DATA PROVIDED Block Start

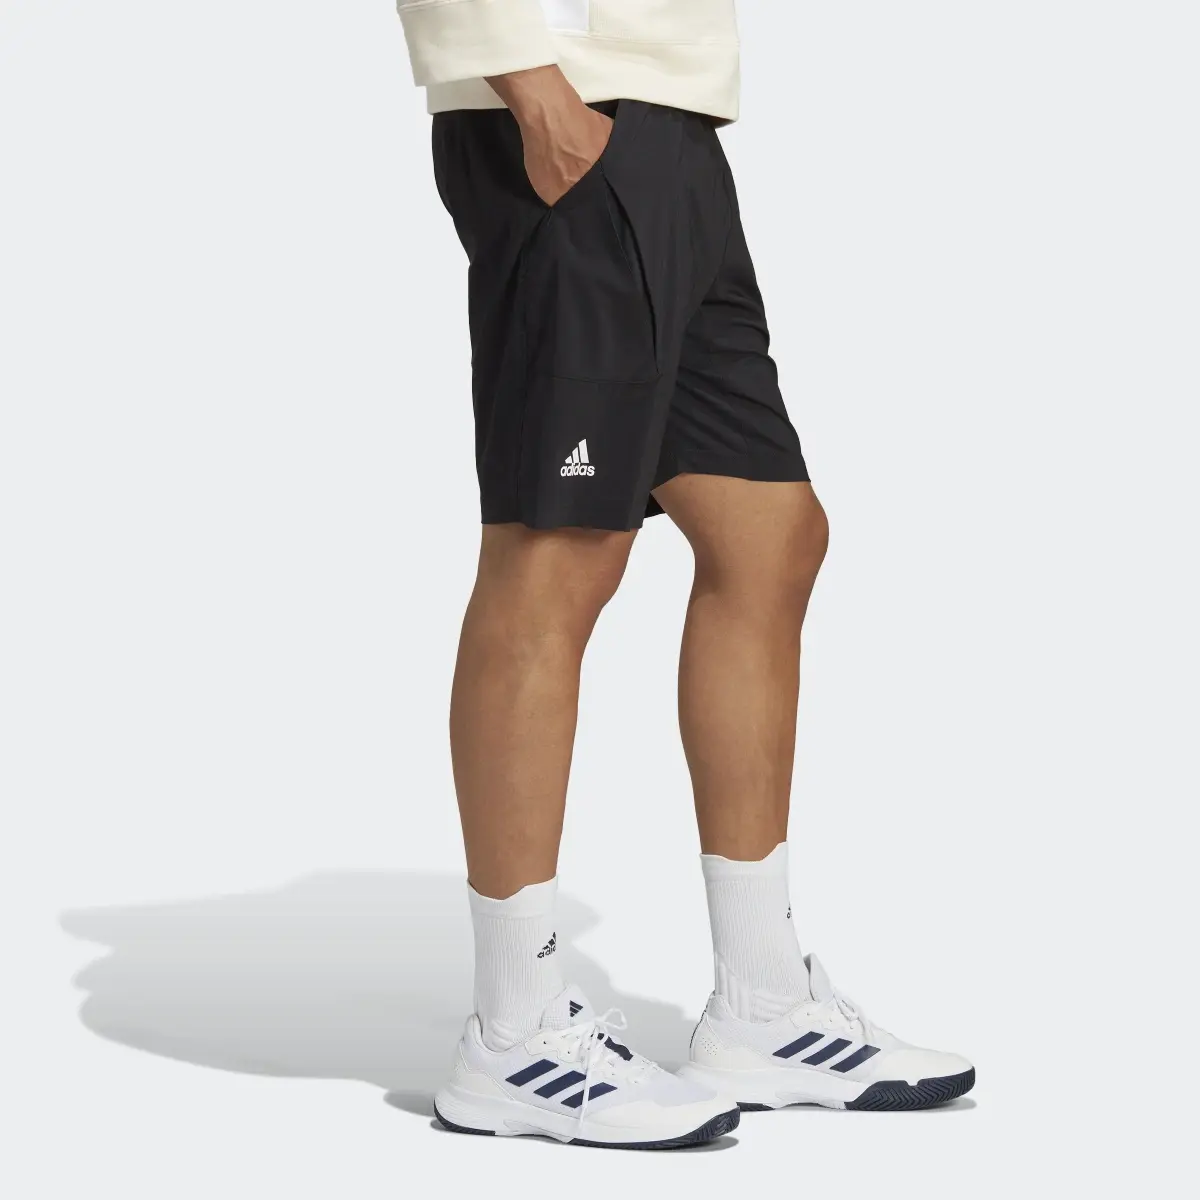 Adidas Tennis New York Ergo Shorts. 3
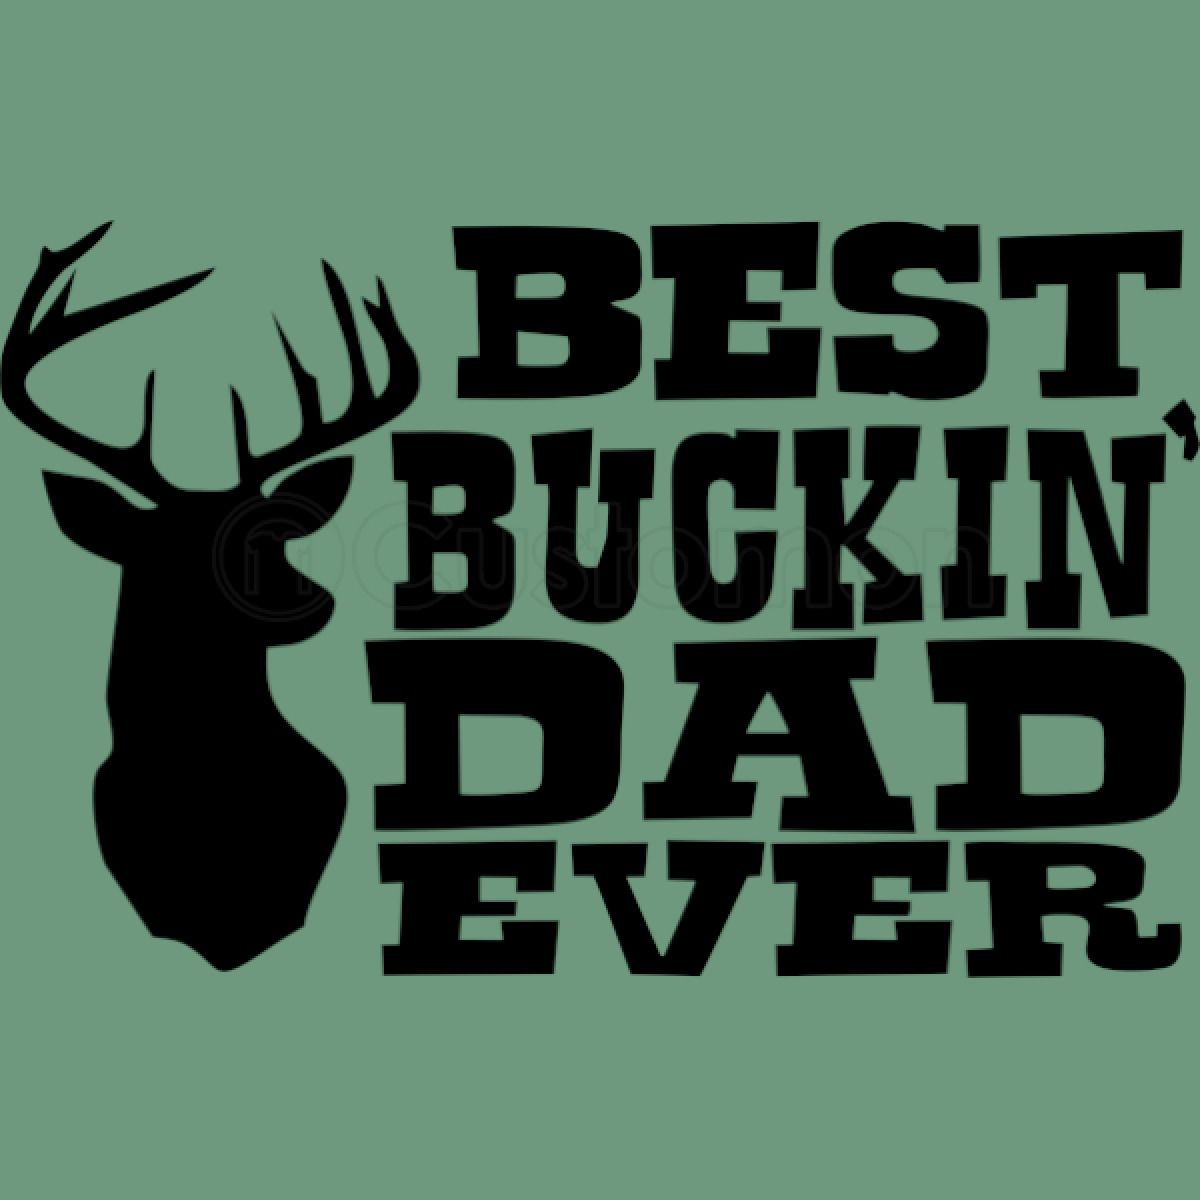 Download Best Buckin Dad Ever Apron - Customon
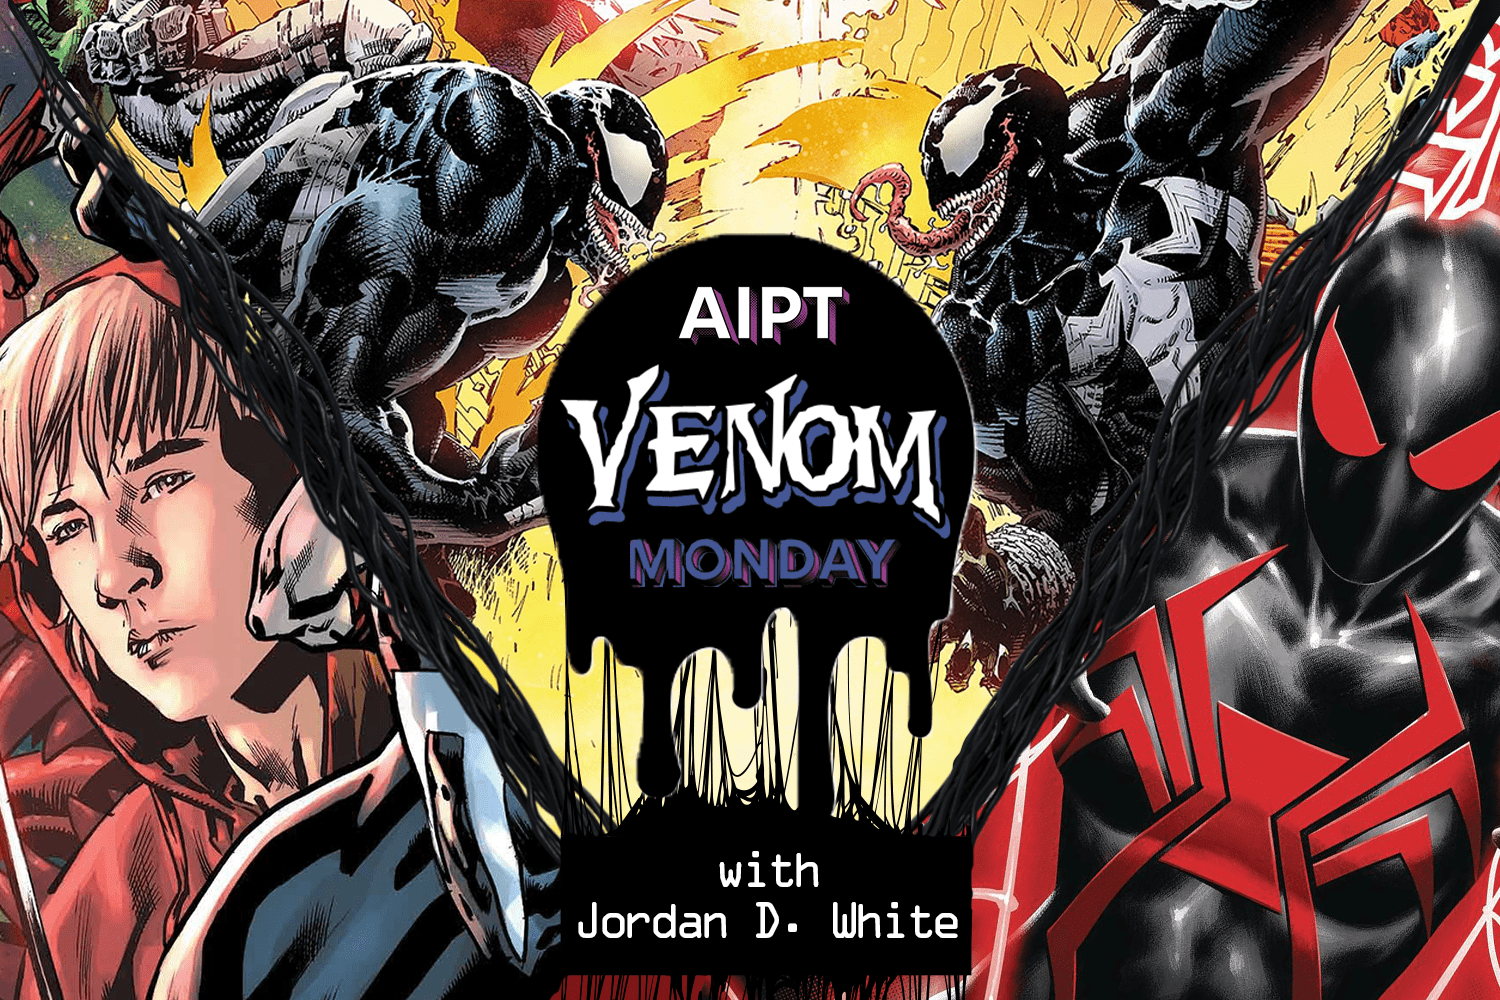 Venom Monday #1 (XMM LGY #245) - Jordan D. White Answers Ven-Fan Questions
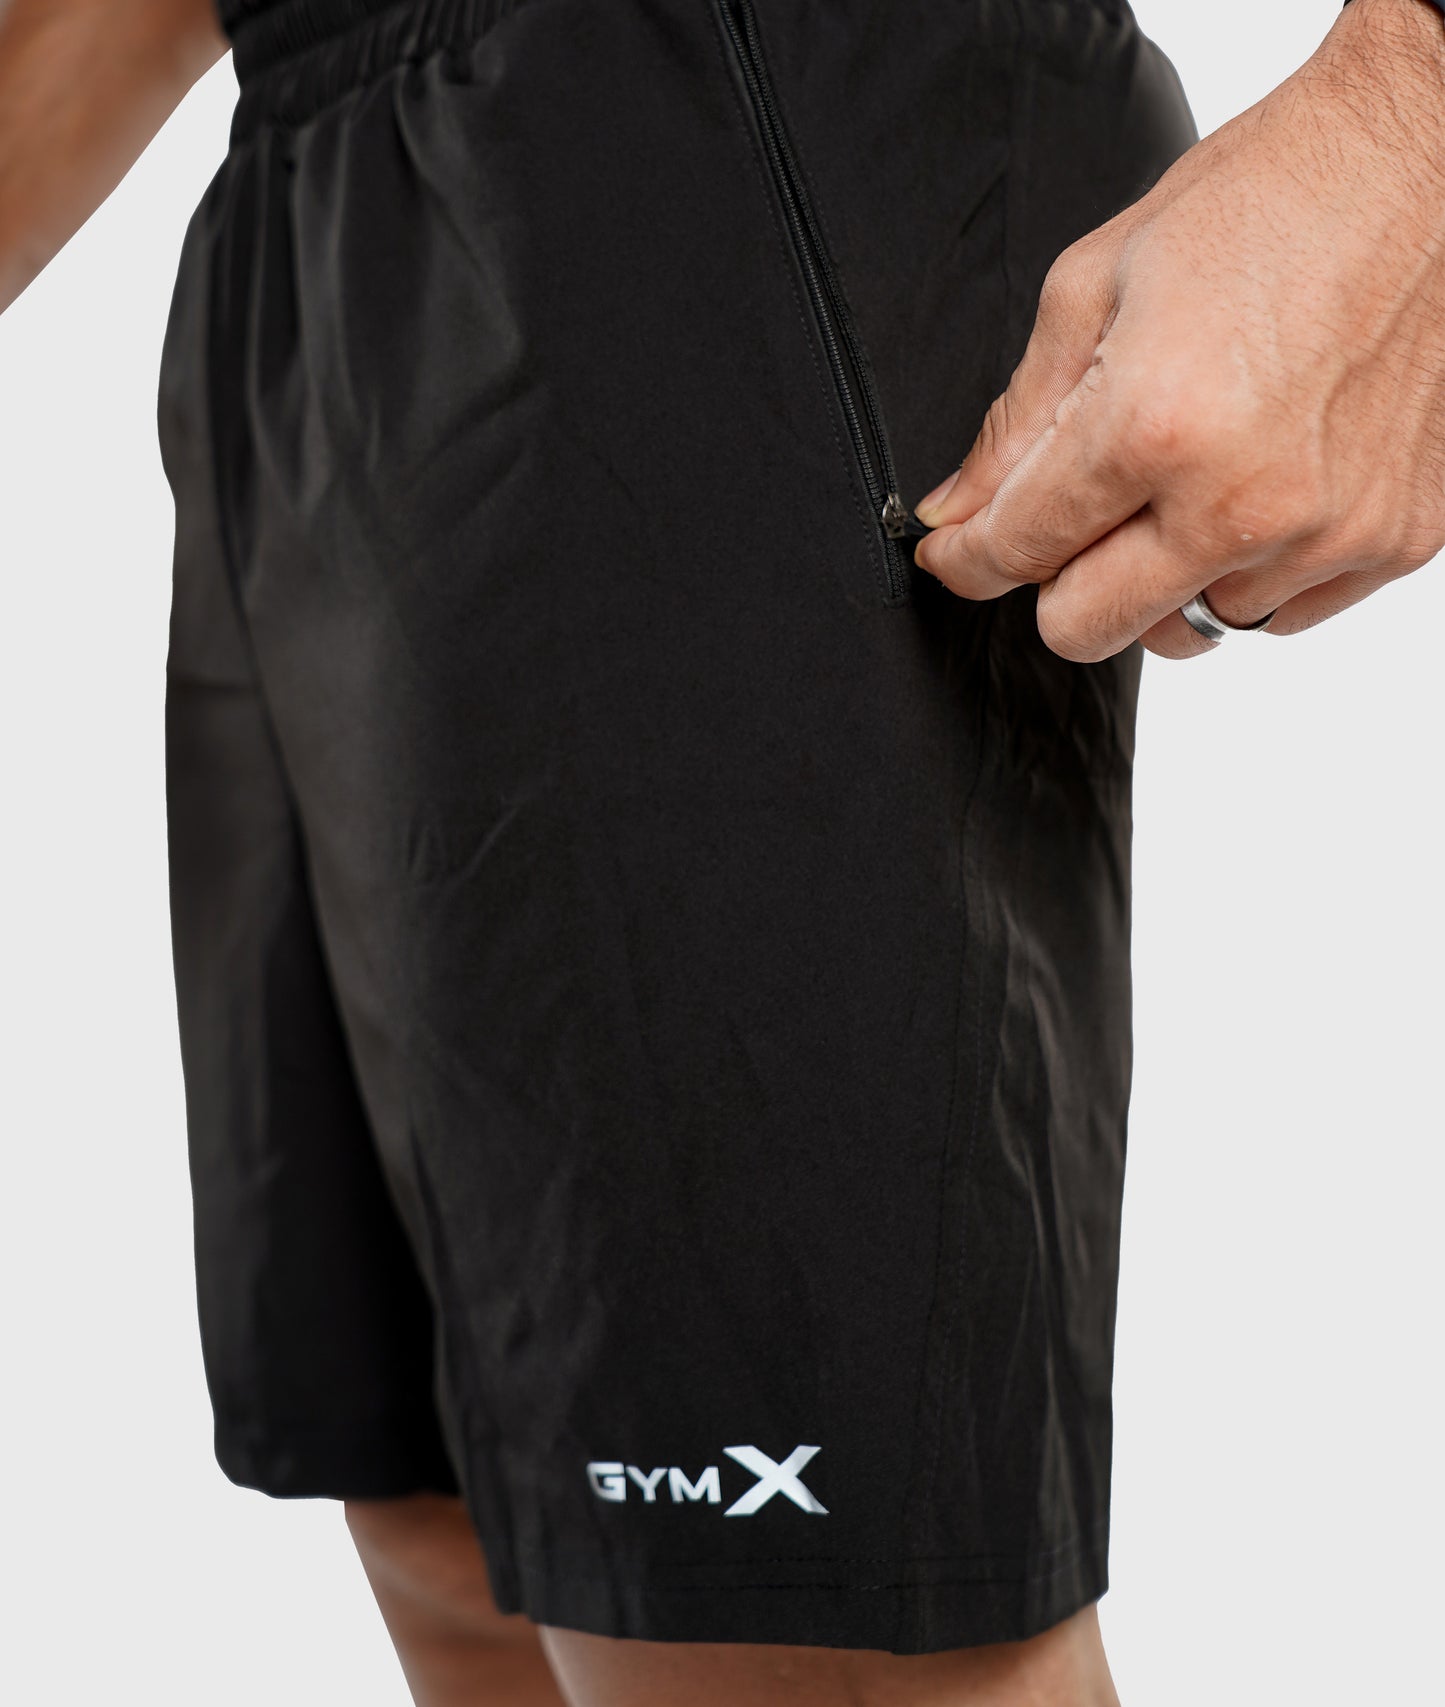 Vitality GymX Shorts: Black
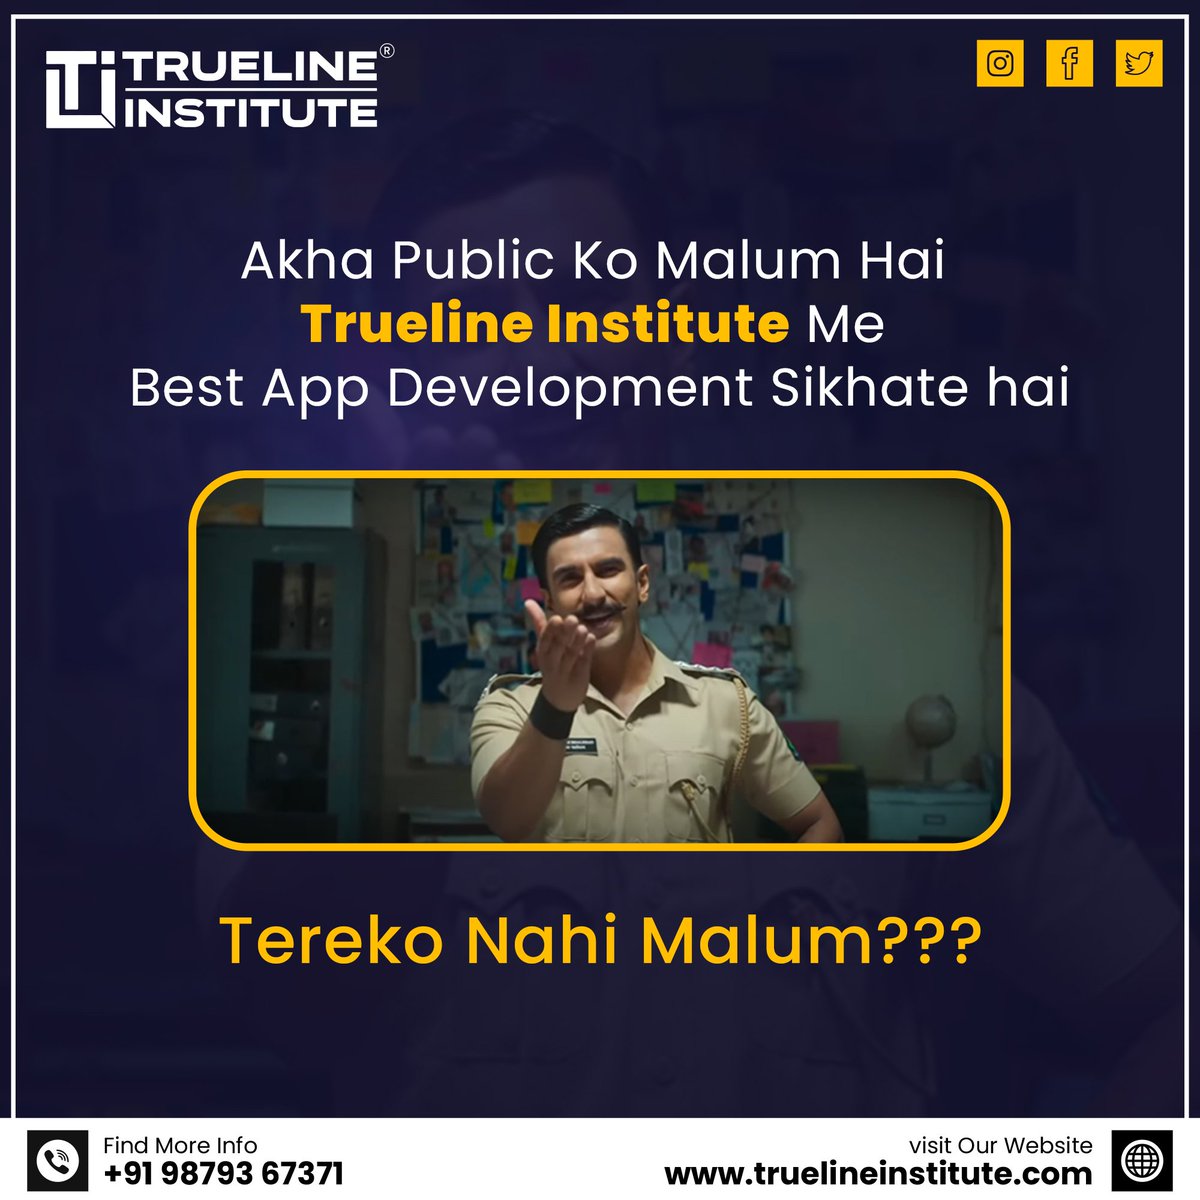 📢 Akha Public ko Malum hai Trueline Institute me best App Development Sikhate hai. | Trueline Institute
➡️ Tereko nahi Malum?
☎️ +91 98793 67371
🌐 truelineinstitute.com
📧 vtruelineinstitute@gmail.com
🏠 427, Radhika Optima, Near Yamuna Chowk, Mota Varachha, Surat, Gujarat

DATA PROVIDED Block End

ASSIGNMENT » Each record should be copied exactly, and each image left out.

RESPONSE BOX »
 Adidas Tennis New York Ergo Shorts. 3
 Download Best Buckin Dad Ever Apron - Customon
 Venom Monday #1 (XMM LGY #245) - Jordan D. White Answers Ven-Fan Questions
 Vitality GymX Shorts: Black
 📢 Akha Public ko Malum hai Trueline Institute me best App Development Sikhate hai. | Trueline Institute
➡️ Tereko nahi Malum?
☎️ +91 98793 67371
🌐 truelineinstitute.com
📧 vtruelineinstitute@gmail.com
🏠 427, Radhika Optima, Near Yamuna Chowk, Mota Varachha, Surat, Gujarat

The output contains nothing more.